Marco Piccirilli, Stochastic models for energy forward markets
Abstract. I will present a probabilistic modeling framework for forward prices, specifically designed for energy markets. Most of the presentation will be kept at an intuitive level, as far as this is possible and sensible. I will start by explaining the general framework of the talk and then move to our contribution, of course describing the underlying mathematical theory as well. This talk is based on joint work with Fred Espen Benth, Luca Latini and Tiziano Vargiolu.
Simone Giovannini, Representation finite algebras and generalizations
Abstract. An algebra is called "representation finite" if it has a finite number of indecomposable modules. Finite dimensional hereditary representation finite algebras are classified by Gabriel's Theorem: they are the path algebras of Dynkin quivers of type ADE. Recently, with the development of higher dimensional Auslander-Reiten theory, some interest has been raised by a generalization in dimension n of these algebras, which are called n-representation finite algebras. In this seminar we will recall some basic definitions and results about representation theory of finite dimensional algebras. Then we will give a naive idea of how some classical notions can be generalized to higher dimension and, finally, we will show some examples of 2-representation finite algebras.
Alekos Cecchin, Approximation and convergence in finite state Mean Field Games.
Abstract. Mean Field Games represent limit models for symmetric non-zero sum non-cooperative dynamic games, when the number N of players tend to infinity. We focus on finite time horizon problems where the position of each agent belongs to a finite state space. Relying on a probabilistic representation of the dynamics in terms of Poisson random measures, we first show that a solution of the Mean Field Game provides an approximate symmetric Nash equilibrium for the N-player game. Then, under stronger assumptions for which uniqueness holds, we prove that the sequence on Nash equilibria converges to a Mean Field Game solution. We exploit the so-called Master Equation, which in this framework is a first order quasilinear PDE stated in the symplex of probability measures.

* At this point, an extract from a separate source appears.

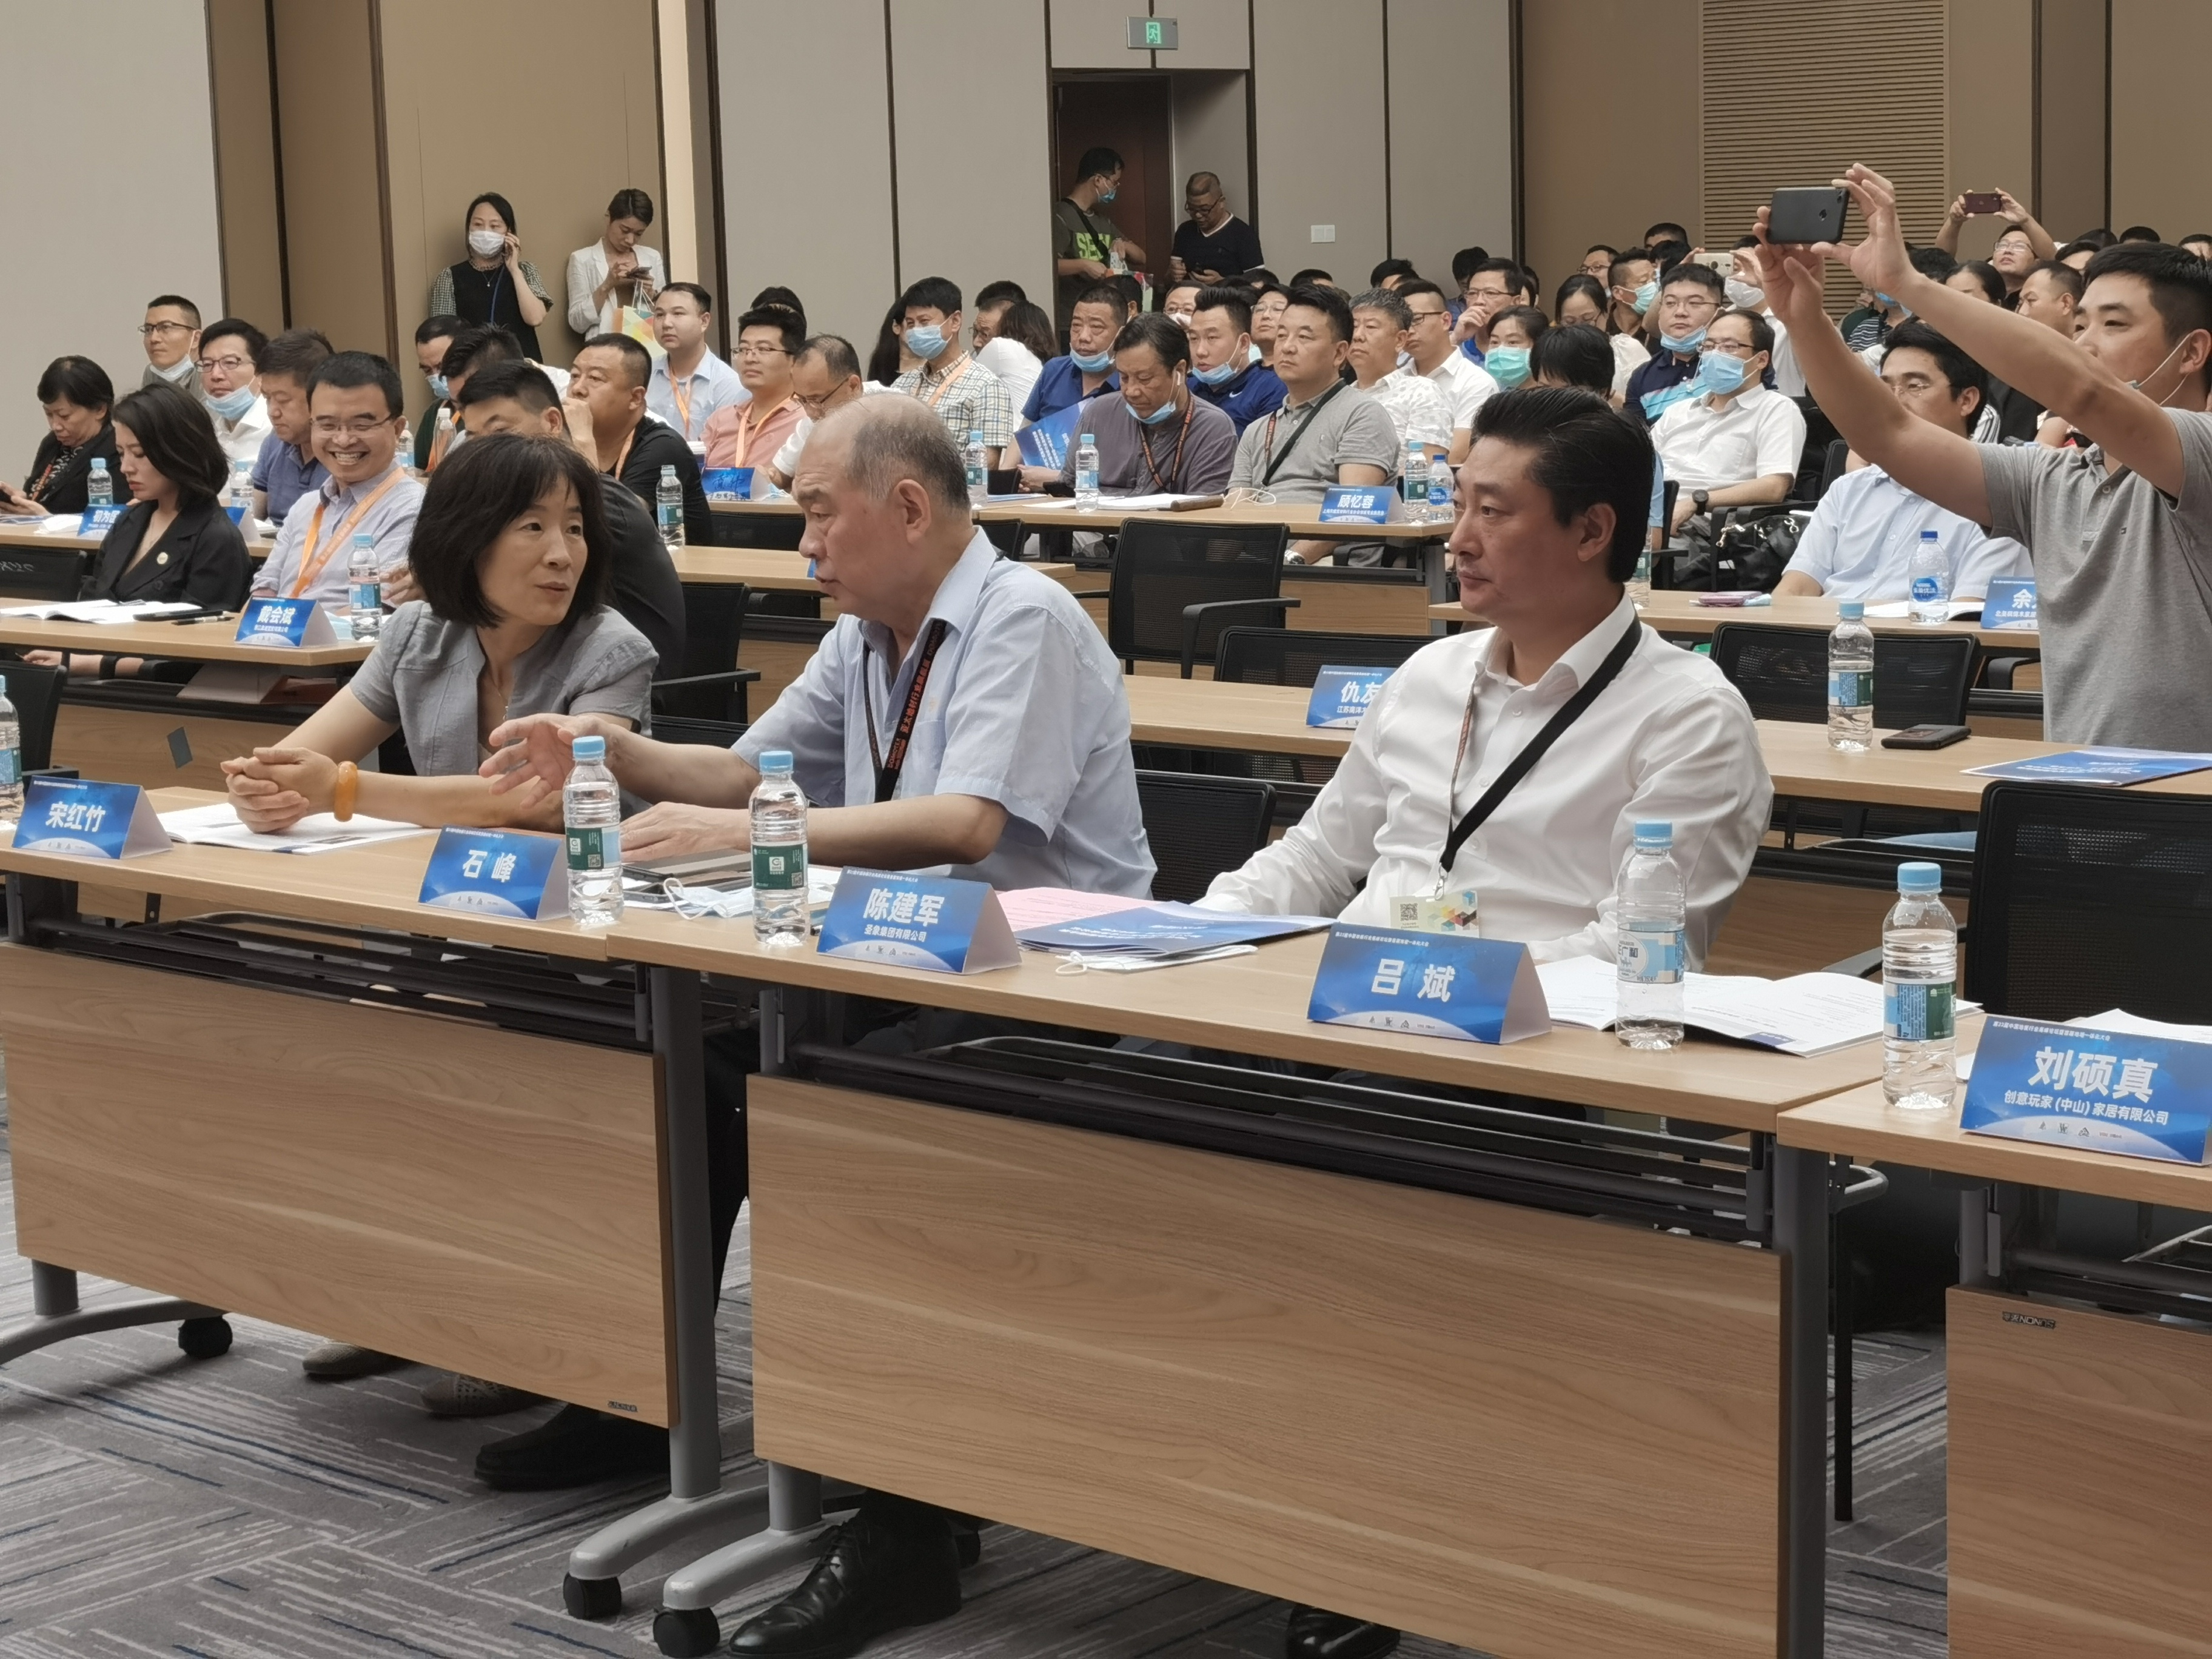 圣象董事长陈建军作主题发言并获产业创新第23届中国地板行业高峰论坛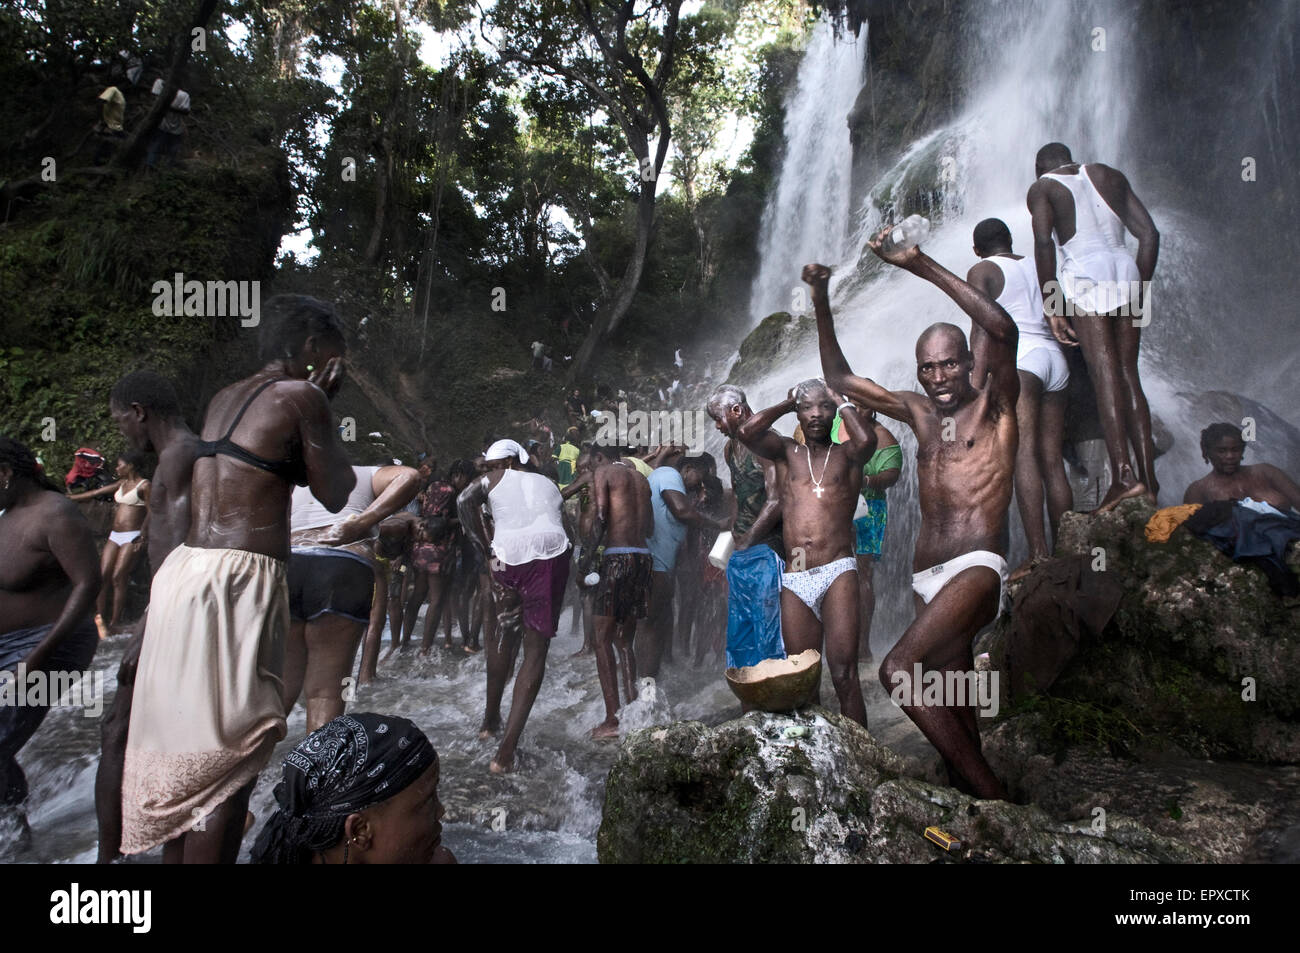 Voodoo Festival di Saut d'Eau, Haiti. La scalata verso la cascata del Saut d'eau, una altezza di 30 metri, non è facile. Come lei, Foto Stock

Sebastiano Don, Fine properties of functions of bounded variation in Carnot-Caratheodory spaces
Abstract. Functions of bounded variation (BV functions) can be seen as a generalization of Sobolev maps and arise naturally in many problems in Calculus of Variations. Carnot-Carath\'eodory spaces are particular metric spaces that arise from the study of hypoelliptic differential operators. In this seminar we will introduce the notions of approximate continuity point, approximate jump point and approximate differentiability point for a generic L^1 function and we will show the so-called fine properties of BV functions, first in the case of Euclidean spaces, and then in the case of Carnot-Carath\'eodory spaces. In particular, the rectifiability of the approximate jump set, the approximate differentiability almost everywhere and the decomposition formula for the measure derivative of a BV function will be shown.